_Problem to solve_
Copy exactly the lines of the material below that run from the one containing "Бледно розовый предложение." through the one containing "Louis Vuitton Damier". Copy no other lines.

_Available data_
-------

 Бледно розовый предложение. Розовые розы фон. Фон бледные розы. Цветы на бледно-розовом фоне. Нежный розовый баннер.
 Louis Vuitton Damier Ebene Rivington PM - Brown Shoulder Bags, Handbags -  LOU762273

-------

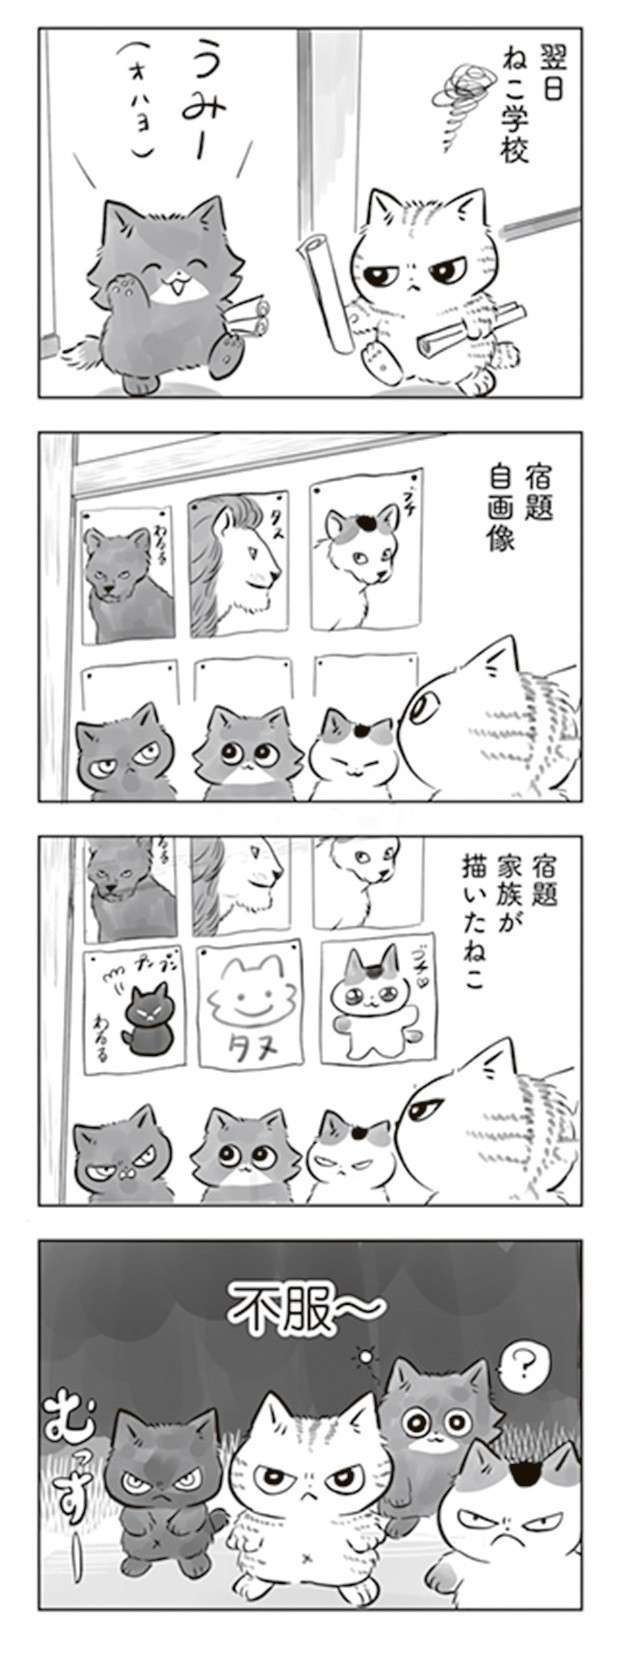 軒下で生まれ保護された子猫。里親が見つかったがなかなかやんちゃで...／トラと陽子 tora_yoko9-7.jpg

-------

_Expected answer_
 Бледно розовый предложение. Розовые розы фон. Фон бледные розы. Цветы на бледно-розовом фоне. Нежный розовый баннер.
 Louis Vuitton Damier Ebene Rivington PM - Brown Shoulder Bags, Handbags -  LOU762273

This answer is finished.